Jani has been out of the hospital now for four months, her longest stretch out of inpatient care since she first went to UCLA in January 2009. When I mentioned this to Dr. Levy, he asked me what I attributed this to. I think he was surprised that Jani didn’t nosedive back into the hospital after her therapy was cut off. However, no one is more surprised by that than me. But I sensed he wanted to know if I was trying to bend the facts a bit to make it look like Jani really didn’t need residential.

 

No. I don’t lie. Even when it gets me into trouble.

 

I told him that I feel part of it is that Jani is getting older. She is maturing and with that maturity she is learning to better manage her illness. Jani will tell us when the hallucinations are bothering us. She will even tell us when she needs an extra Thorazine. I think she is coming to a comfortable balance between her world and ours.

 

The second factor, I told him, is that we spend every day trying to get Jani the stimulation that will help distract her. She has horse therapy twice a week and afterward we both work scooping manure and cleaning out water troughs.
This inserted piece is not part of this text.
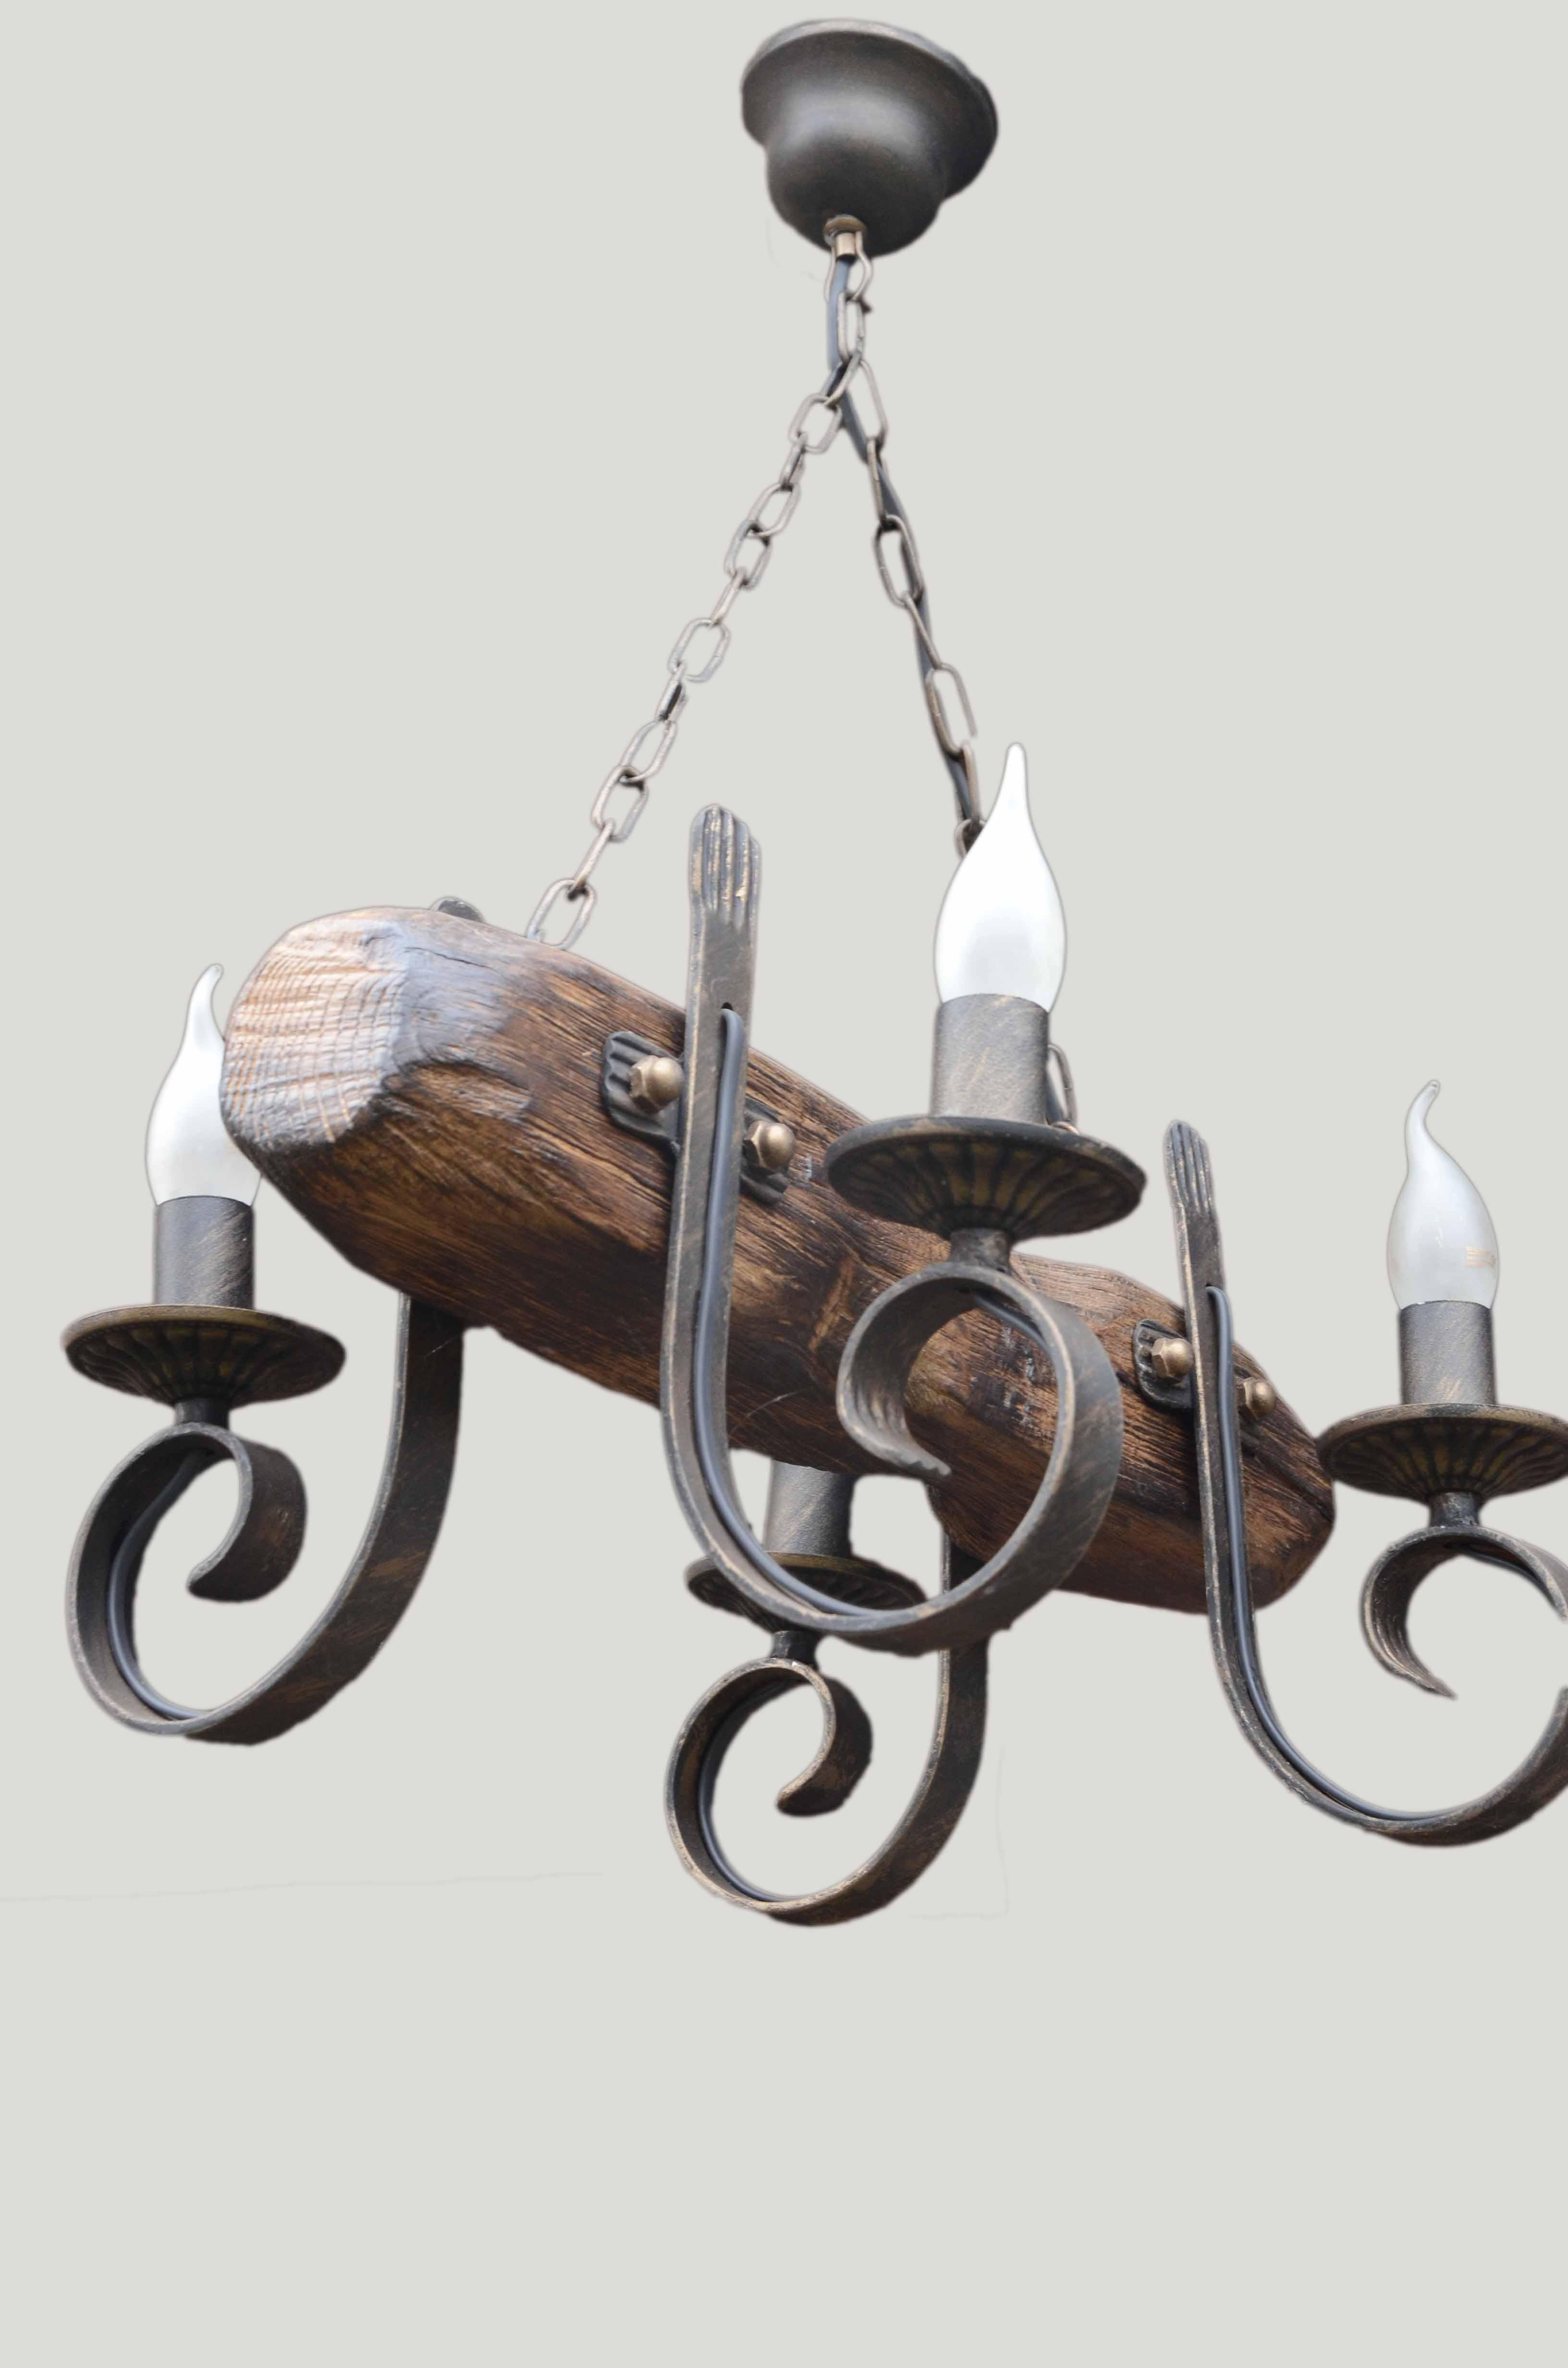 Бра и настенные светильники купить недорого с доставкой в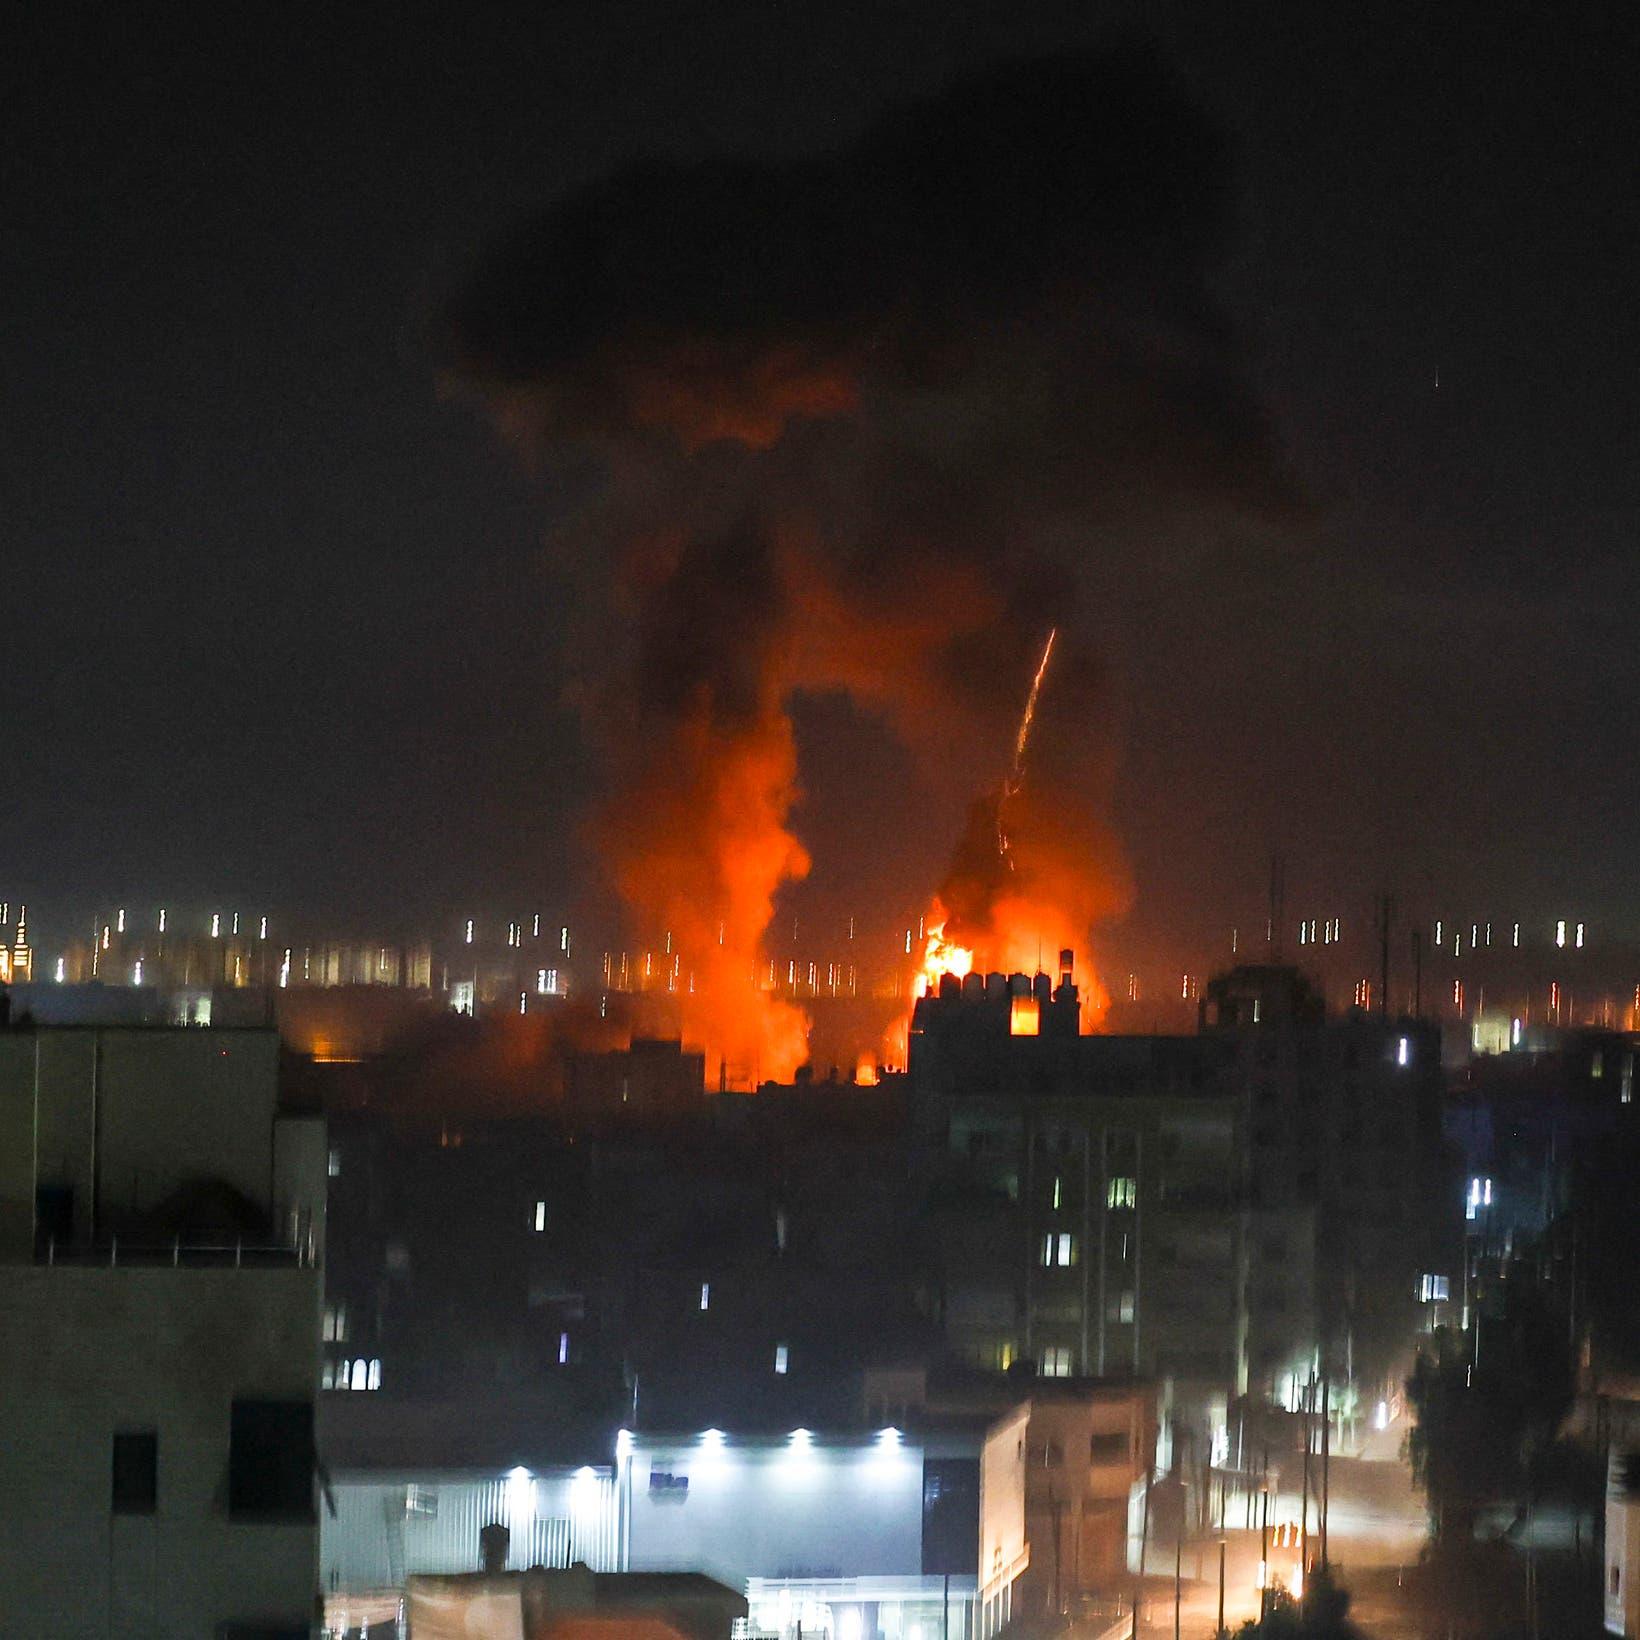 غارات إسرائيلية مكثفة على مراكز عسكرية وتدريبية لحماس في غزة

She cooks with me (cooking class), where we make cakes, pies, homemade bread, and Jani’s completely homemade spaghetti sauce (we even mash up fresh tomatoes). I am teaching her the major scales on the piano. Basically, Jani is back to what she was like as a infant: needing constant stimulation.

 

It is exhausting, but we are doing it.

 

The only times we start to lose her is when I have to go teach.

 

So the answer, Mr. Levy, is two-fold: One, Jani is getting stronger and more mature.

 

And two….

 

We, her parents, are working our asses off.